多模型加权自适应控制在中厚板层流冷却系统中的应用

在控制冷却过程中, 中厚板的层流冷却过程厚度总是含有较大的不确定性. 如果用单一的精确的数学模型进行控制, 那么当厚度发生剧烈变化时, 难以获得满意的控制效果. 本文提出了一种基于加权策略的多模型自适应控制方法. 首先根据历史数据分析钢铁企业中不同厚度中厚板的生产过程, 针对生产批次多、生产量大、历史数据丰富的中厚板, 在各厚度工作点处建立多个冷却模型, 并设计相应的PID控制器, 以实现生产批次最多的中厚板终冷温度的精确控制. 对于生产批次少、生产量小导致历史数据匮乏的中厚板, 将终冷温度的实际输出与上述建立的多个冷却模型的输出进行比较, 根据输出偏差计算出各个冷却模型的加权系数, 然后采用多PID控制器加权的自适应方法, 以提高终冷温度的控制精度. 而对于由于新生产计划的下达首次出现的新钢种、新厚度的中厚板, 利用最接近该厚度的加权系数实现初始控制、减少初始误差, 同时实时调整加权系数, 以满足控制精度的要求. 最后通过仿真研究予以验证. 该方法一方面采用PID控制器对生产批量大的中厚板在其厚度附近实现精确控制, 具有较强的鲁棒性. 另一方面, 采用多模型加权方法提高生产批量小或者从未生产过的中厚板的控制精度, 具有一定的自适应能力. 因此, 该方法针对层流冷却过程中厚度高度不确定、快时变的特点, 使控制系统同时具有较强的鲁棒性和自适应能力, 从而实现终冷温度控制精度的提高.

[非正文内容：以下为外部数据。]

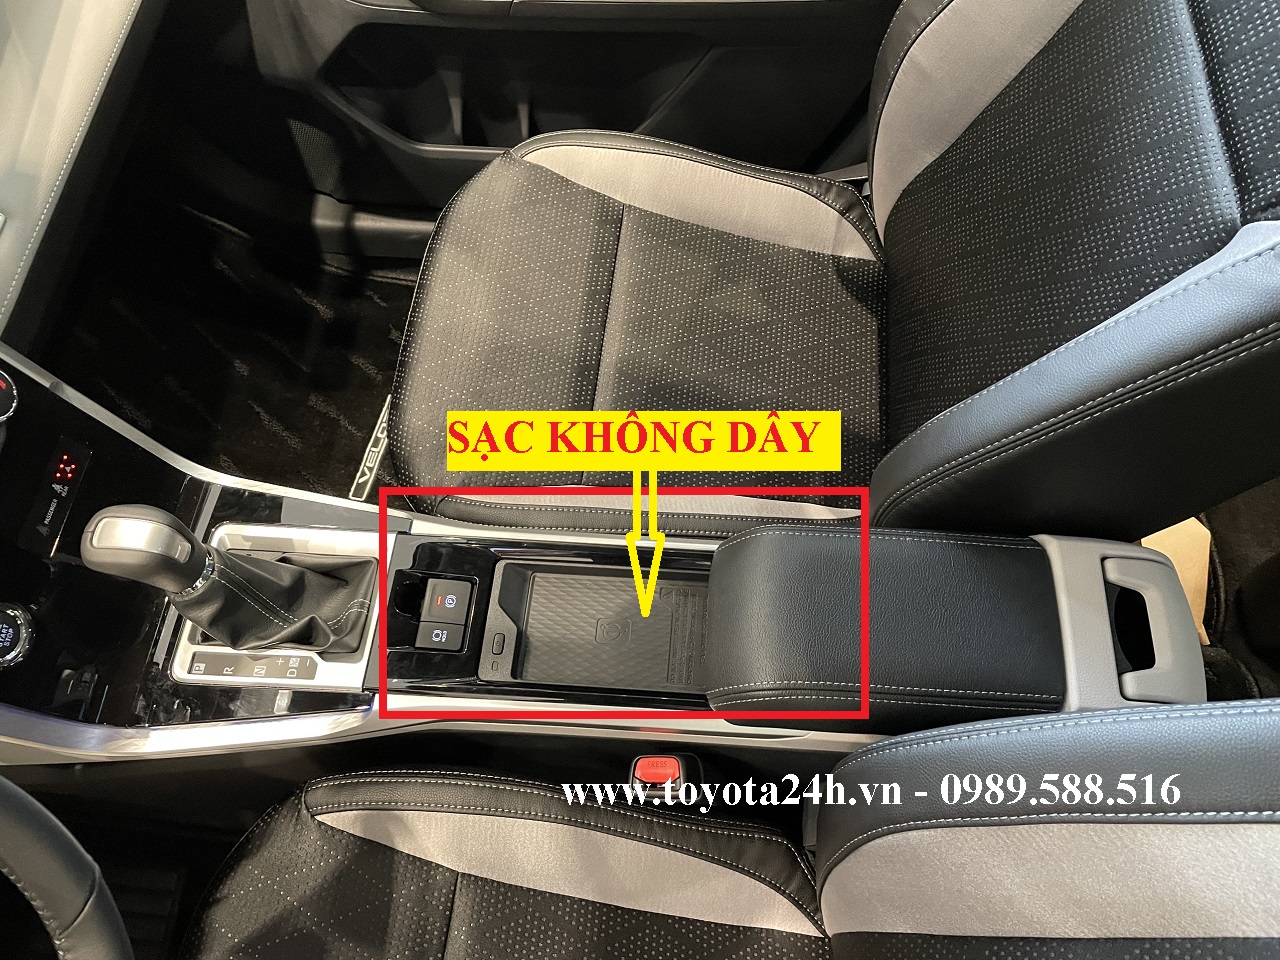 Toyota-Veloz-2022-sac-dien-thoai-khong-day

Application of Weighted Multiple Models Adaptive Controller in the Plate Cooling Process

In the controlled cooling process, medium plates usually contain some large scale of uncertainty in the thickness. So, if only one fixed model is utilized constantly, it may not work correctly when the thickness of the plate differs largely from the real one. In this paper, weighted multiple models adaptive controller (WMMAC) is proposed. Multiple models are established and their corresponding controllers are designed according to the characteristics of the thickness of plates under certain circumstance. At each moment, the output error of each model is calculated and used to achieve their weighting coefficients. Finally, a global controller is designed by multiplying the controllers' output with the corresponding weighting coefficients. A simulation result shows that the proposed WMMAC is superior to the conventional controller in the medium plate controlled cooling process and has wide application prospect.